La evaluación de los perfiles en los concursos públicos se realiza de modo tal que quienes cumplan lo exigido, serán acreedores al puntaje mínimo; y quienes superen el mínimo exigido, obtendrán un puntaje mayor.

Así, si el requisito es ser titulado en administración, y se le otorga un puntaje “X”; quien además ostente el grado de magister, obtendrá un puntaje equivalente a “X+Y”.

Ahora bien, más allá de los sesgos por universidades, basados en los diferentes rankings que acreditan que la universidad “A” es mejor que la “B”, estando usualmente en el top 5 universidades privadas; queremos centrarnos en las oportunidades reales que han tenido los ciudadanos de alcanzar los requisitos exigidos.

Es ese sentido, para aquellas personas que nacieron en un hogar pobre, cuyas necesidades básicas no han podido ser cubiertas por ellos mismos y tampoco por el Estado, resultará mucho más difícil llegar a alcanzar los “documentos sustentatorios” mínimos para postular al concurso. Aún peor, se verán desplazados por quienes superen esos requisitos mínimos, continuando con el favorecimiento a la élite burocrática, de la que hablaba Young.

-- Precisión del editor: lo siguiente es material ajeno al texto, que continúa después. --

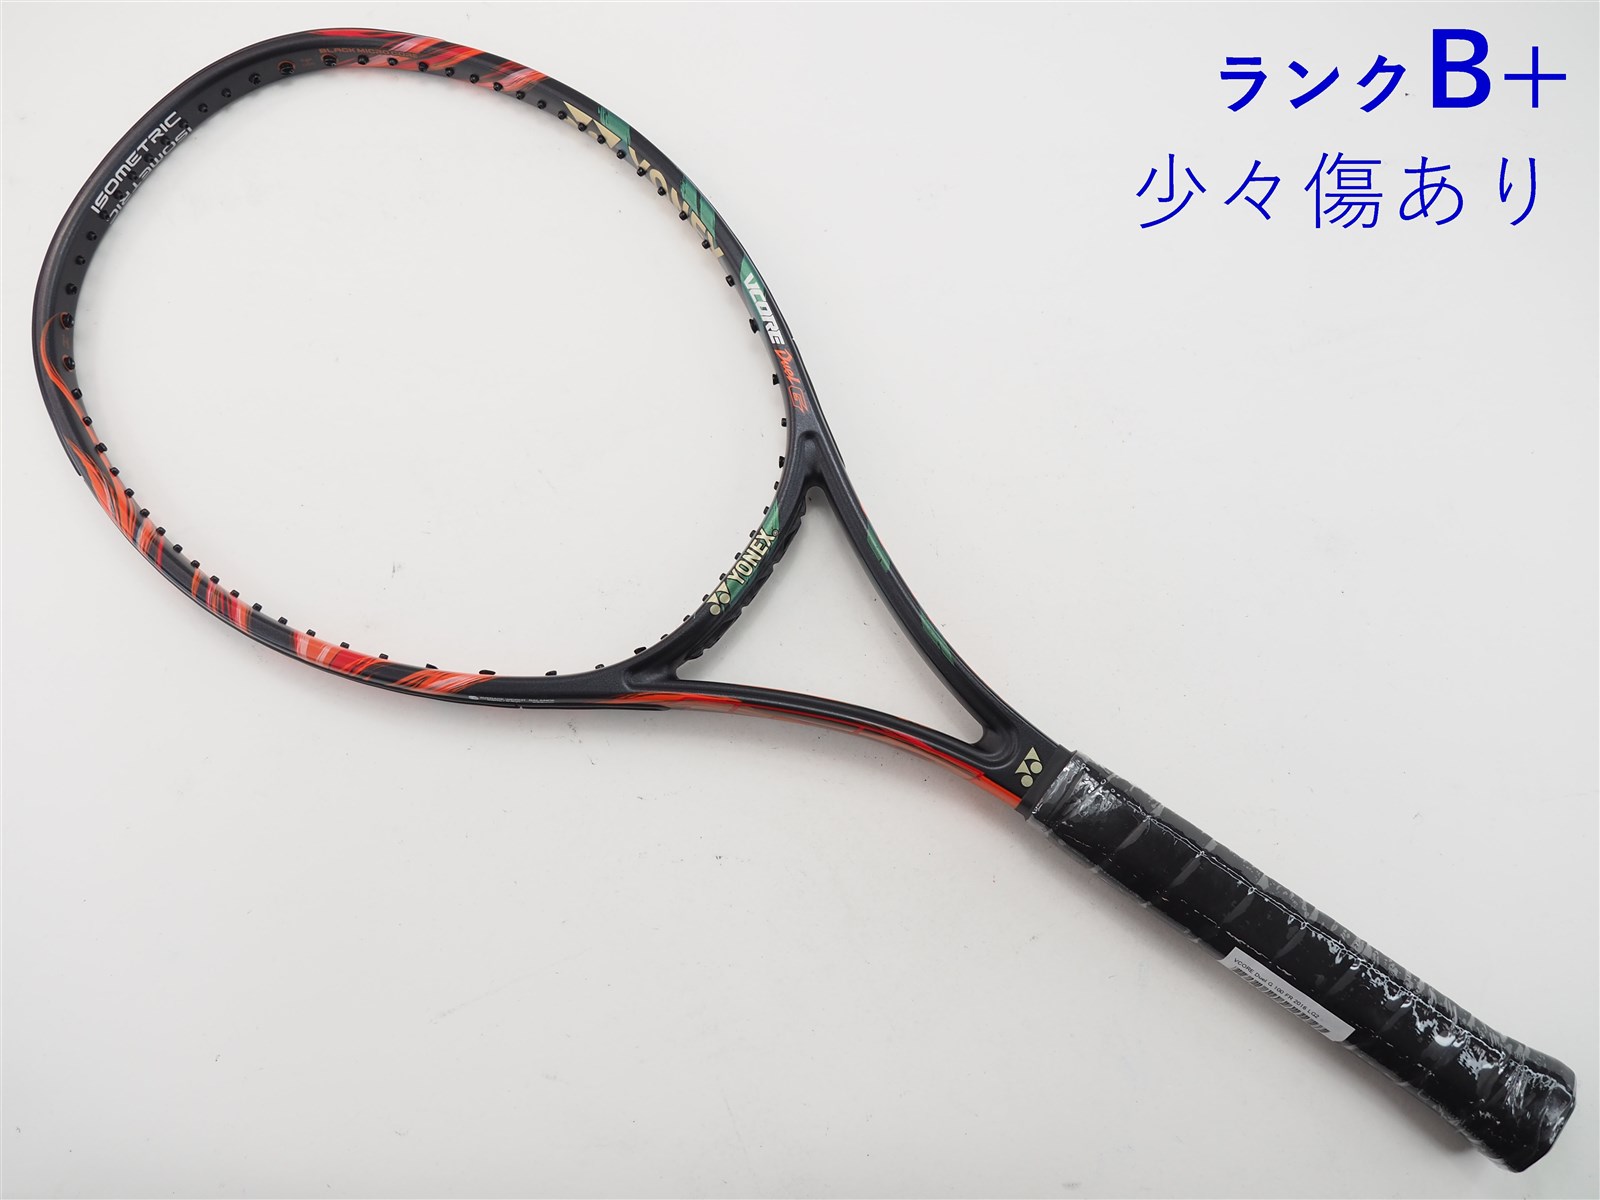 中古 テニスラケット ヨネックス ブイコア 98 2019年モデル (LG2)YONEX ...

Entonces, ¿quién tendrá más mérito, el que tuvo sus necesidades básicas cubiertas y pudo estudiar sin problemas, pudiendo acceder a cursos de posgrado, o quien tuvo que estudiar en un colegio público que le obligó a aprender una lengua ajena a su comunidad, que tuvo que trabajar y estudiar a la vez, y que de esa manera terminó sus estudios en una universidad pública? En nuestra opinión, será más meritorio que el segundo llegue a obtener el requisito mínimo exigido en el concurso.

Otro de los sesgos que se dan debido a la evaluación documental, es que aquellas personas que cuenten con los conocimientos pero no puedan acreditarlo, también se verán desplazadas por quienes puedan presentar algún certificado. Esto originará que talentos valiosos no sean tomados en cuenta.

Imaginemos, por ejemplo, que para el puesto de Jefe de la Oficina de Tecnologías de la Información se presentan dos ingenieros de software de universidades privadas, dos ingenieros de informática de universidades públicas, y un tal Bill Gates treintañero. El señor Gates quedará descalificado en la etapa de evaluación curricular, por no poder acreditar que es titulado en una carrera afín a las Tecnologías de la Información; poco importa qué tanto pueda dominar la informática.

En ese sentido, implementar un sistema meritocrático sin tener en consideración la realidad del país, así como los sesgos que este trae consigo; resulta irresponsable.

Para combatir lo primero, el Estado se debe preocupar por intentar que todas las personas tengan iguales oportunidades de desarrollo y no tener que verse perjudicados por una cuestión caprichosa como las condiciones del hogar en que se nace (algunos incluso nacen fuera de un hogar), la cual depende totalmente del azar.

Esto se logrará a través de la implementación de políticas públicas que aseguren, por lo menos, salud y educación.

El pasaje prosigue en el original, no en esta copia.